Universal Machine-Learned Force Fields¶
Pre-trained interatomic potentials that predict energies, forces, and stresses across the periodic table without per-system training.
| Tutorial | Model | Description |
|---|---|---|
| MatterSim (Python MLFF) | MatterSim | Run pre-trained MatterSim for total energy, relaxation, and phonons — covers bank workflows, custom workflows, GPU execution, and multi-threading |
Running other Python-based models
Any Python-based MLFF that can be installed via pip (e.g. MACE, CHGNet, SevenNet) can be run using the general Python workflow template.
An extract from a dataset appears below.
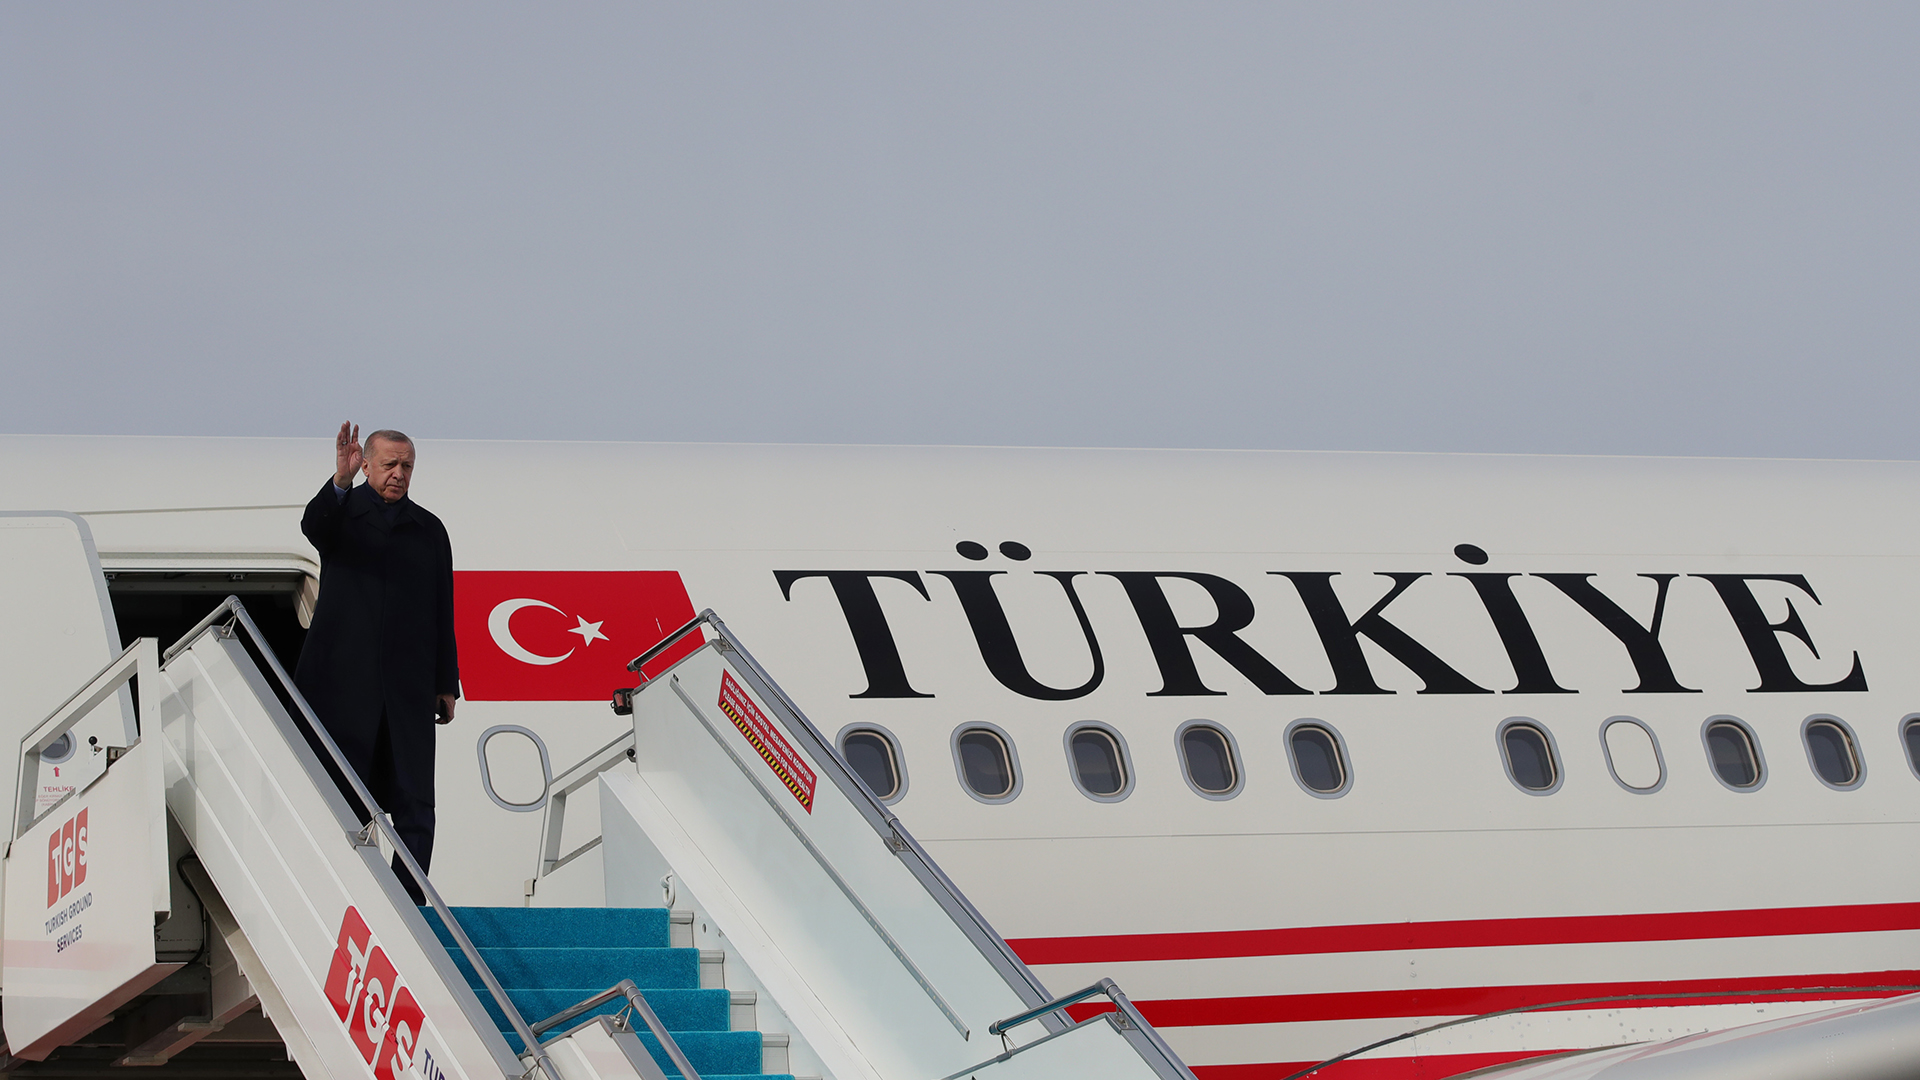 Turkije wil ander label: van “Turkije” naar “Turkije”

See Section 3 of the MatterSim tutorial for the general approach.
Custom Potential Training¶
Training a neural network potential from first-principles data, then using it for large-scale molecular dynamics.
| Tutorial | Pipeline | Description |
|---|---|---|
| DeePMD (QE → DeePMD → LAMMPS) | QE CP + DeePMD-kit + LAMMPS | End-to-end workflow: generate ab-initio MD data with Quantum ESPRESSO Car–Parrinello, train a DeePMD potential, and run production MD in LAMMPS |
Statistical Property Prediction (Python ML)¶
Traditional ML models (regression, classification, clustering) using tabulated materials descriptors and scikit-learn. These workflows use a dataset (CSV) rather than a crystal structure as input.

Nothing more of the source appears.